Heavy rain overnight has caused schools and roads to be closed across Egypt.
Storm conditions, which began in the south on Saturday, reached Cairo and Giza on Sunday night.

At least 16 people have been killed across Egypt over the past 48 hours due to heavy rain and storms. 

Meteorological authority chief Ahmed Hussein said the weather would remain unstable until Thursday.

Sand and rain storms are expected to hit the Red Sea and Mediterranean coasts on Wednesday, he predicted. Visibility could be difficult and some ports might be closed.

Flooded streets added to traffic congestion in parts of the capital on Monday morning.

A rock fell from Moqattam hill early Monday, blocking traffic for several hours, state-owned Radio Misr reported.

The Hurghada-Cairo and Qusayr highways were closed due to the bad weather, the interior ministry said.

Some schools in the Red Sea governorate were closed on Monday due to heavy rain, especially in Hurghada.

The international arrivals hall at Hurghada airport was damaged by rain on Sunday, forcing passengers to be moved to the domestic travel terminal.

In South Sinai, Nuweiba suffered a complete blackout when electricity was cut to prevent a short circuit.

In Upper Egypt, Assiut governor Ibrahim Hamad announced the closure for two days of thirty schools in areas hit by storms.
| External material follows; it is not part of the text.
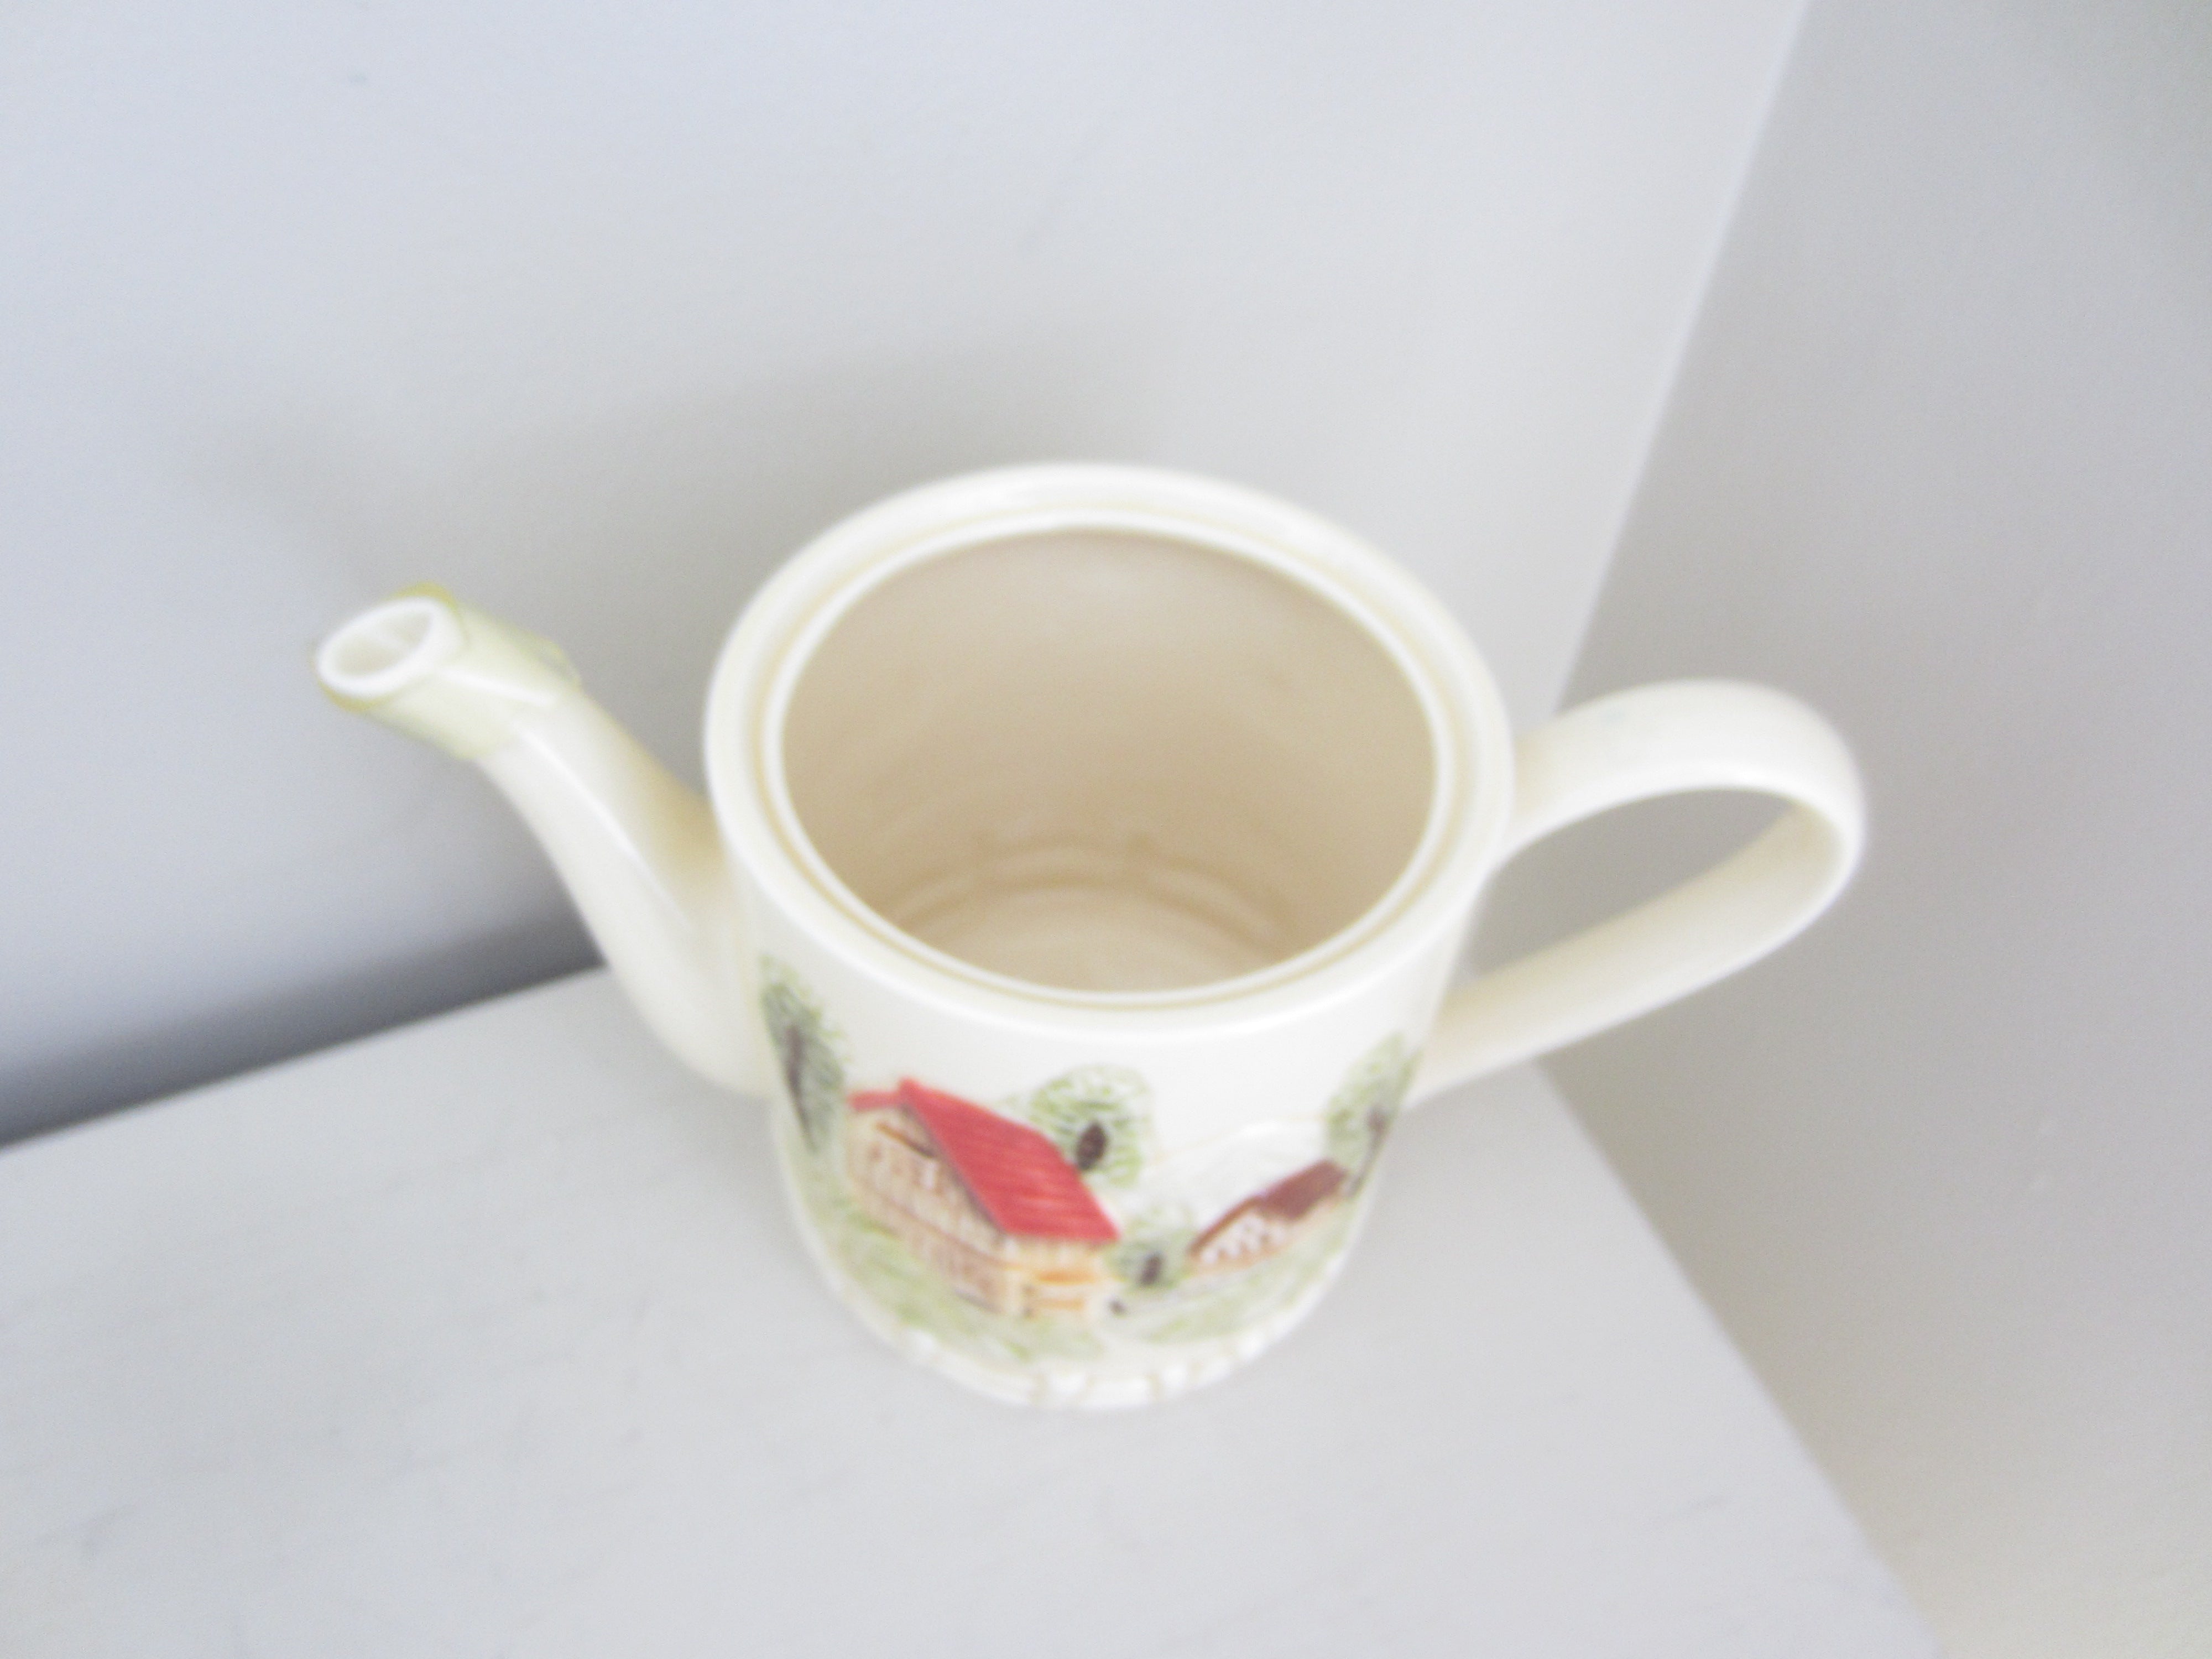 Vintage Ceramic Tea Set with raised Image Japan

In the Nile Delta, villages and cities in Kafr El-Sheikh governorate suffered heavy rain for almost three hours on Sunday. The ports of Rashid and El-Bourlos were closed as a result. Fishing activities were also halted in the Mediterranean Sea, Rashid and El-Bourlos lake.

Electricity was cut off in hundreds of villages in Kafr El-Sheikh.





The hurghada cairo road is still closed


----------



## aykalam (Apr 12, 2010)

hhaddad said:


> The hurghada cairo road is still closed


and here is why


----------



## Gounie (Jan 27, 2011)

I managed to get from El Gouna to Hurghada Airport yesterday around 5pm to collect my brother who is visiting for the first time! Travelled on the Hurghada/Cairo highway which kept disappearing completely leaving thick mud. Cars where moving to the northbound carriageway to travel south. Coming back it was just after sunset and quite scary with headlights approaching not knowing which side of the road they were on. A lot of lorries due to the road being closed before.

The main road once you enter the town of El Gouna turns left past the new water cable park. This road has collapsed in half lengthwise and looks like Niagra Falls as the water is all running into the new park lake!
https://www.facebook.com/photo.php?v=10152222383130743


----------